LASIK Risks & Side Effects

Risks and Side Effects

The overwhelming majority of patients who have had LASIK are extremely satisfied with their results and indicate they would undergo LASIK again if they had the choice. However, as with any surgical procedure, for certain patients the outcome of LASIK may not meet all their expectations. A small percentage of patients experience complications.
It is precisely for this reason that a thorough examination and discussion occur with the surgeon before the procedure. Each patient is informed of the risks and benefits of LASIKand needs to feel comfortable that they are making an educated decision based upon facts.
If you’re interested in LASIK surgery but are worried about the potential risks and side effects, Dr. Kelly will be happy to address your concerns. Please contact us to schedule a free, comprehensive LASIK vision correction consultation.

Important side effects to be aware of are as follows:

Undercorrection/Overcorrection:

The excimer lasers that are used to perform LASIK are highly precise. However, in a small percentage of cases there may be residual nearsightedness, farsightedness or astigmatism after LASIK. Fortunately, these side effects are easily treatable with enhancement procedures typically performed as soon as 12 weeks after the first procedure.
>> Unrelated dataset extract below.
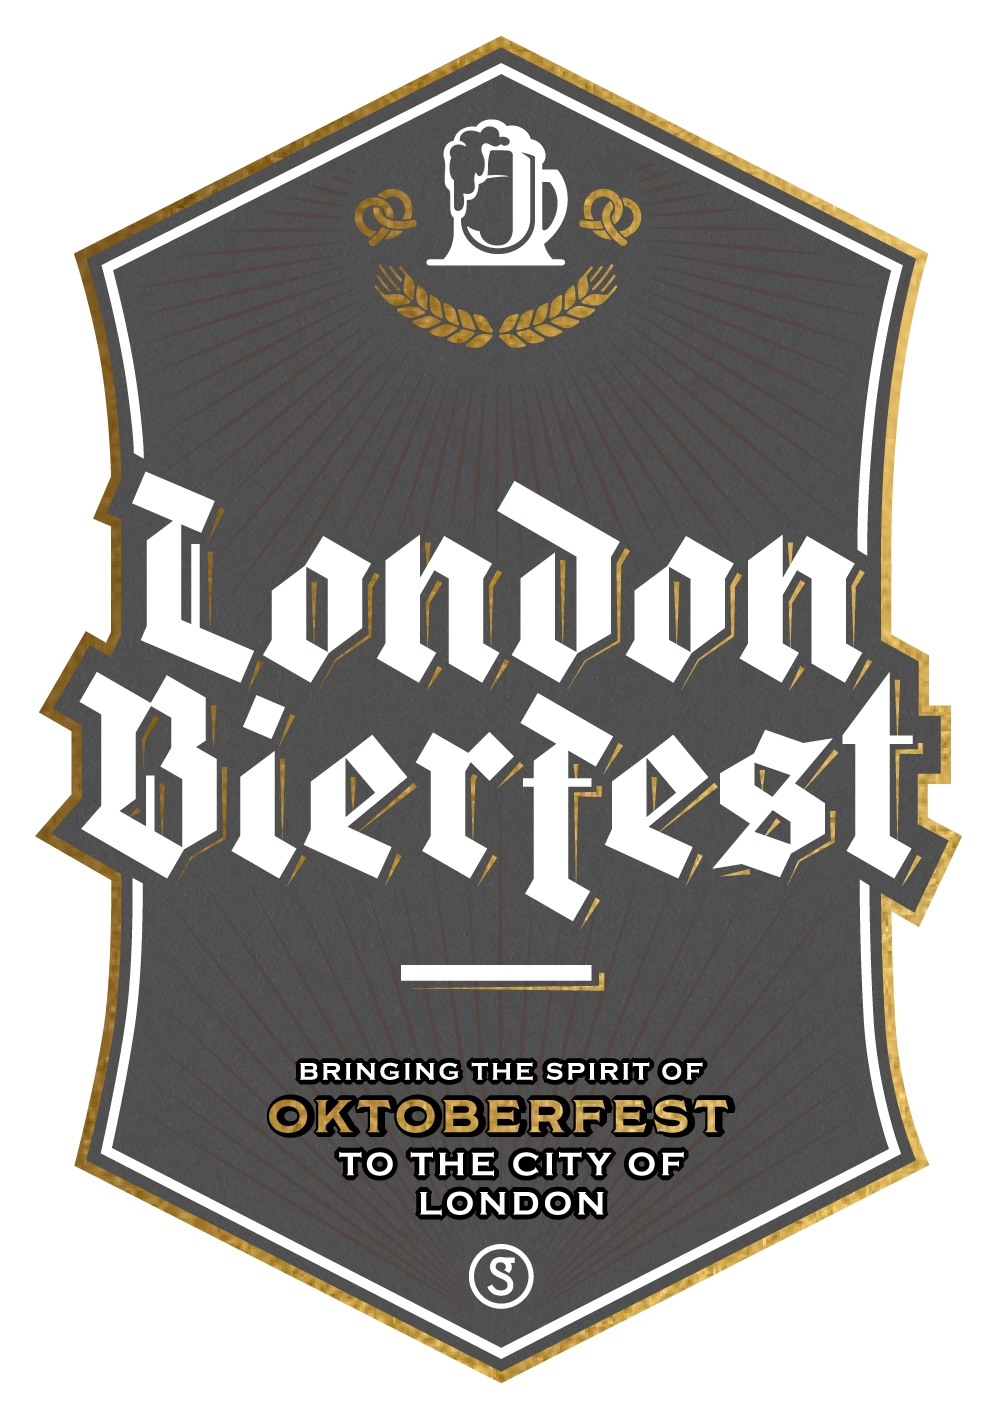 London Bierfest

The enhancements are used to optimize the visual outcome. Rarely, there may be a mild long-term reduction in results known as regression. Regression may be treated with enhancements or a mild pair of glasses or contacts. On occasion, the cornea may not have sufficient thickness for an enhancement and glasses or contacts may have to be used to optimize vision. Dr. Kelly bases the need for an enhancement on patient satisfaction and relevant medical factors. An enhancement can be performed at almost any time beyond 12 weeks after the initial procedure. In general, the higher the initial degree of visual error the higher the probability of needing an enhancement.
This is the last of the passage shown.